After getting used to the surface, I found ANNIS to be very user-friendly. The Query-Builder allows for a combination of all kinds of prompts. In theory, this could be used to find out how many non-English words in our corpus are proper nouns, nouns, adjectives, etc. Such information would be useful to find evidence for patterns found in post- and/or multilingual novels, or might even lead to the discovery of patterns so far missed.

However, the faulty machine annotation, which inevitably became part of our corpus, made work with the findings rather difficult. Firstly, most non-English words were simply classified as proper nouns. ANNIS underlines the absurdity of that number: If one looks for words which are both non-English and proper nouns, one receives over 400 matches. If one looks for words which are English and proper nouns, the number is far smaller.

420 matches for non-English „proper nouns“
149 matches for English proper nouns

The results above are already fishy. Something cannot be right here. Spoiler alert: We all know it is the preceding machine annotation. Playing around with ANNIS some more, I also found instances where the machine had been unable to annotate English words correctly, resulting in falsified ANNIS search results.

Here, for instance, the adjective „teensy“ is annotated as a proper noun.
Here, a verb is annotated as a proper noun.

Given that ANNIS can work with several languages at once, I would really like to see a manually annotated corpus of post- and/or multilingual literatures. This experience strengthened my appreciation for corpora, but brought forward a lack of trust in machine annotation. I had expected at least the annotation of English words to be correct.

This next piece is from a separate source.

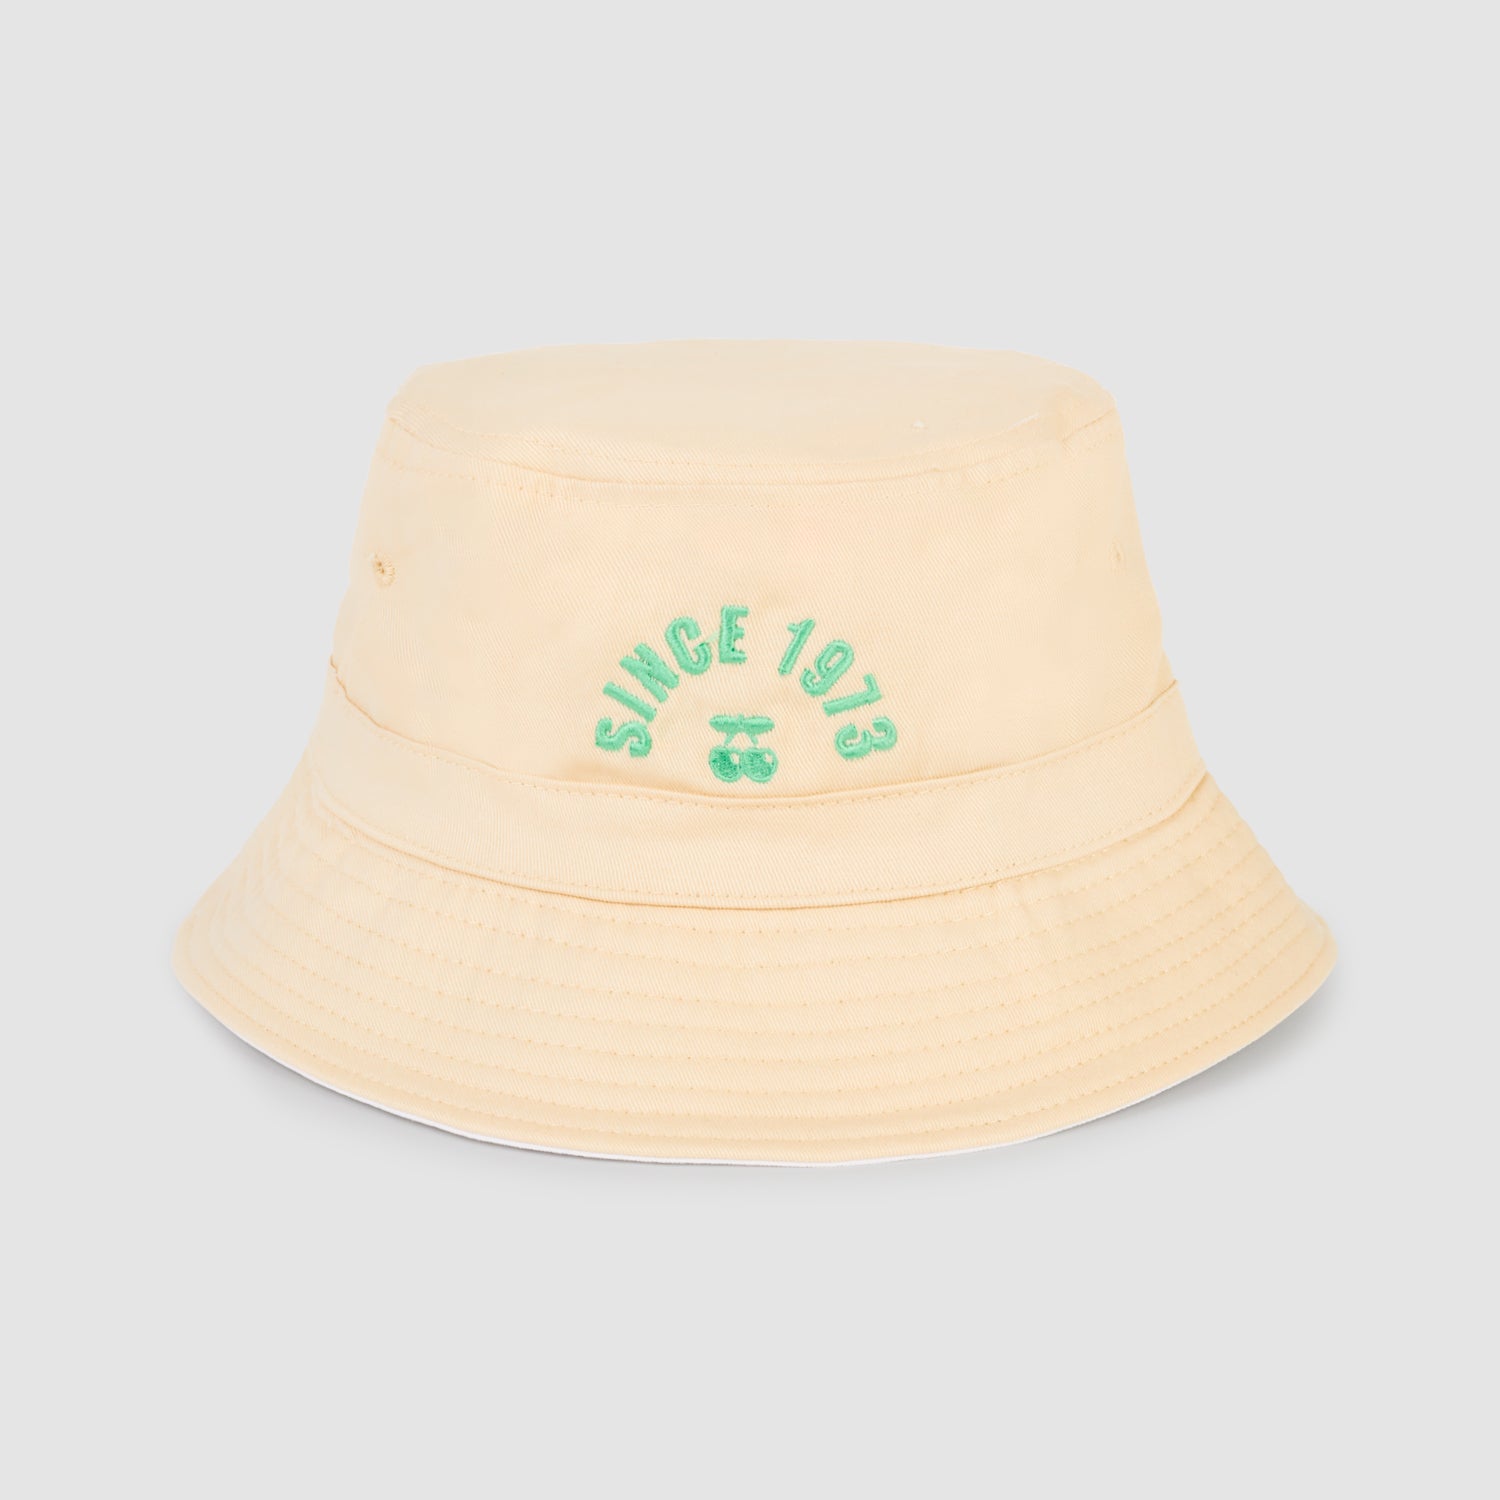 Sombrero de Pescador

Our Little Experiment With (AI) Translation

We conducted a little experiment, translating our sentences ourselves and also having them translated by AI. Interestingly, the AI, such as DeepL and Google Translate, displayed tendencies similar to those of the machine annotation. Non-English words were combined with other nouns into compounds. For instance, „fallahi accent“ (meaning: rural accent, the accent used by farmers) became „Fallahi-Akzent“. In other words, both machine annotation and AI translation tools have a tendency to deal with non-English words by interpreting them as nouns or proper nouns, rather than what they actually are.

Dieser Beitrag wurde unter Allgemein, Blog posts, Student entries, Writing across Languages abgelegt und mit , , , , , , , , , , , verschlagwortet. Setze ein Lesezeichen auf den Permalink.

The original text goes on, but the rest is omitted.